──────── MATERIAL PROVIDED

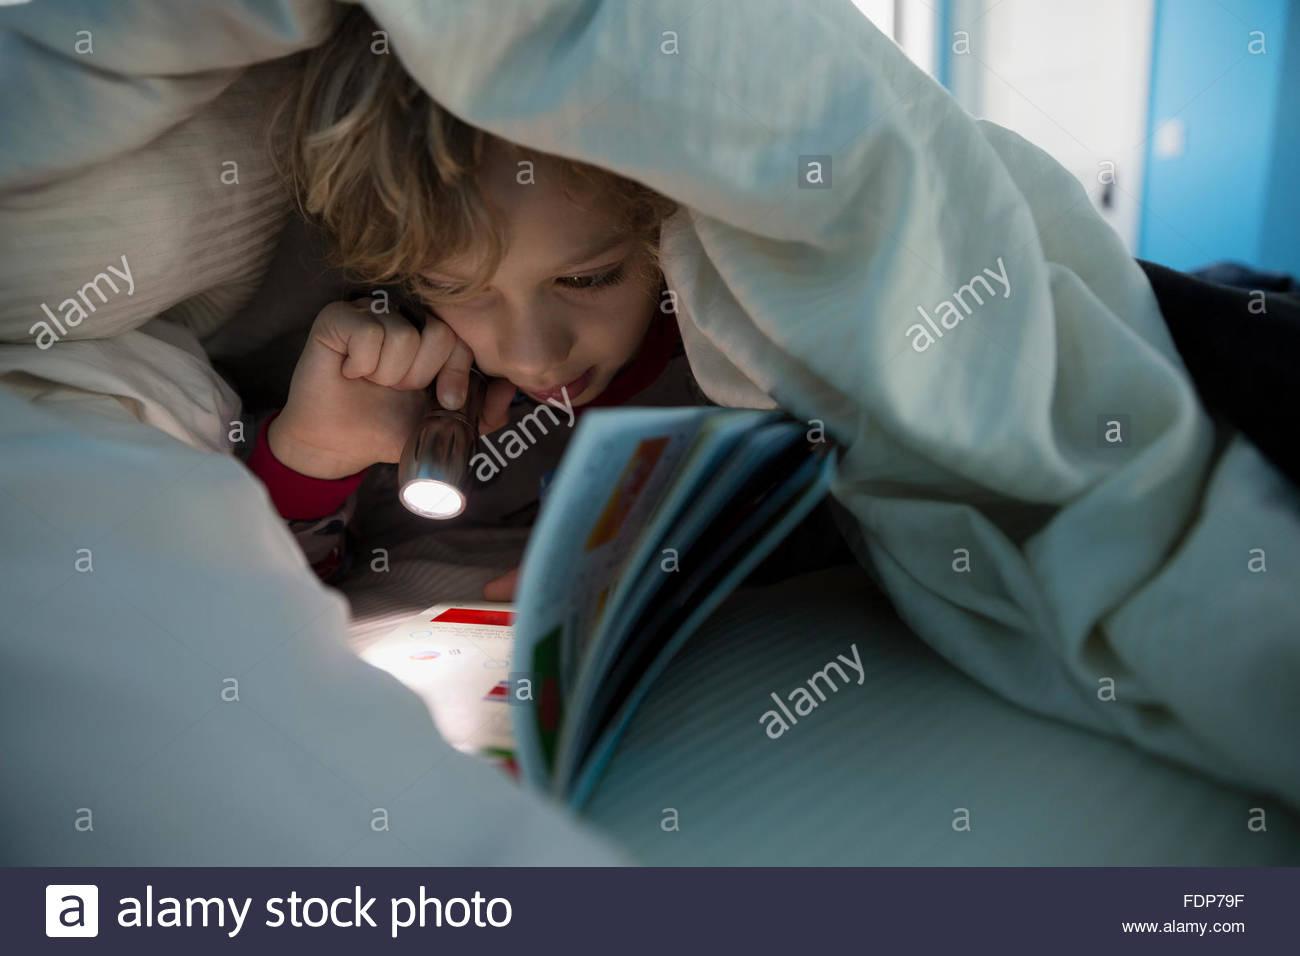 Junge liest Buch mit Taschenlampe unter der Bettdecke Stockbild
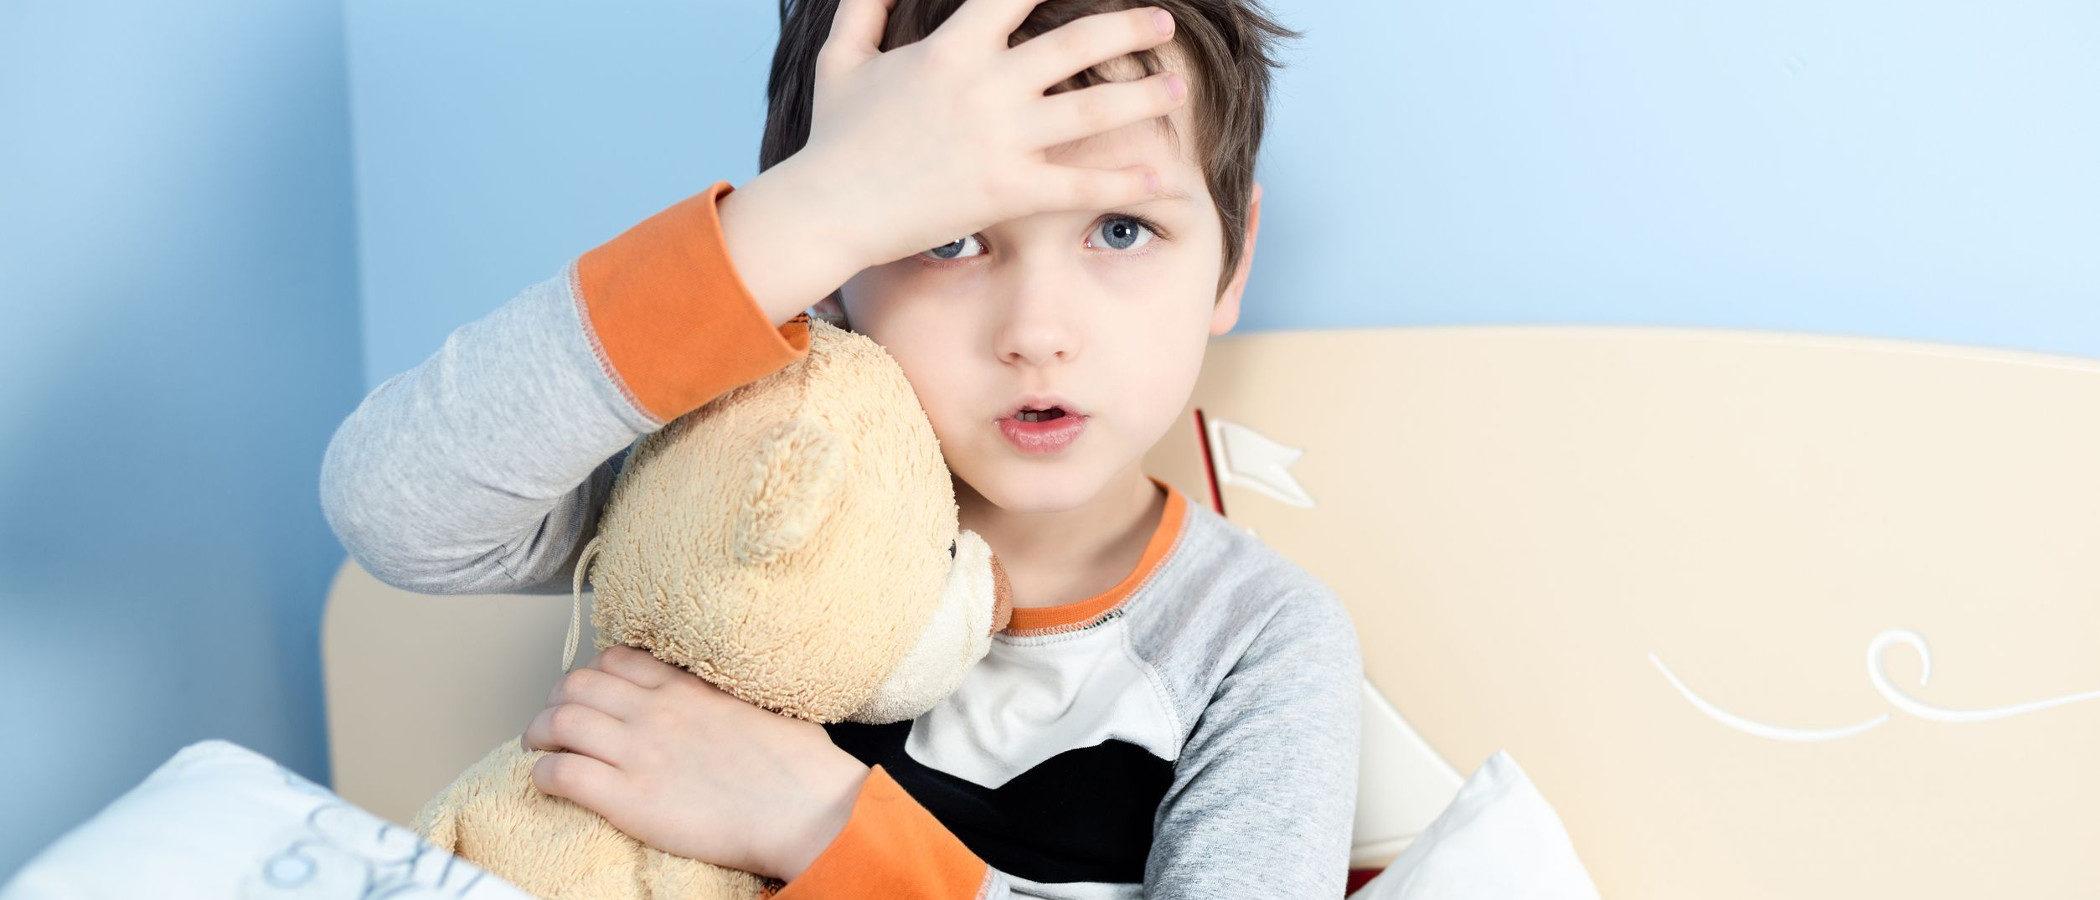 Cómo diferenciar un resfriado de una gripe en niños
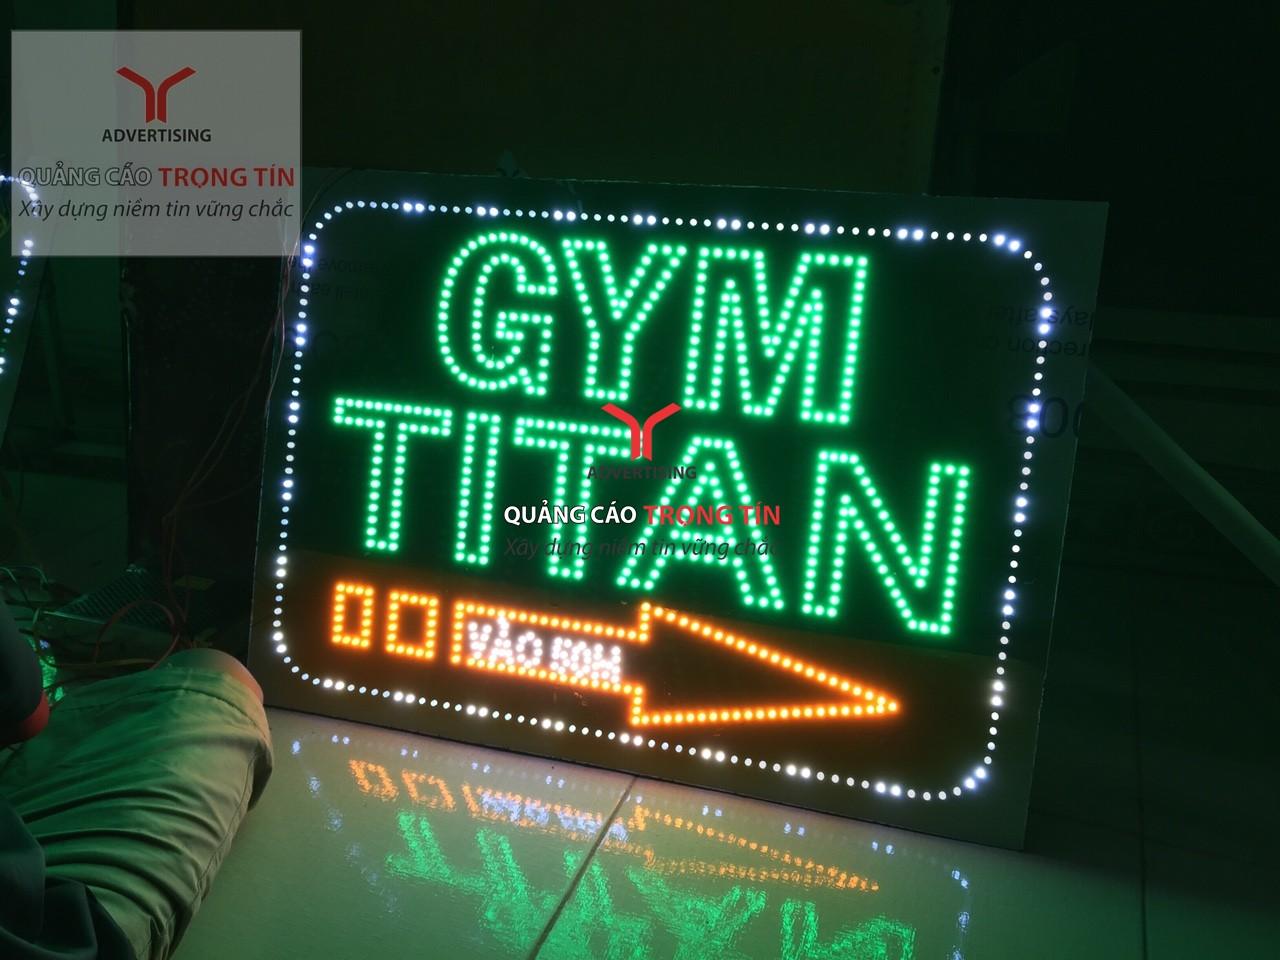 Gia công bảng hiệu hộp đèn giá rẻ, uy tín tại HCM

────────────────

Take the lines from the one holding "Cómo diferenciar un" through the final line of the listing above and copy them exactly, both ends included, with no pictures.

 Cómo diferenciar un resfriado de una gripe en niños
 Gia công bảng hiệu hộp đèn giá rẻ, uy tín tại HCM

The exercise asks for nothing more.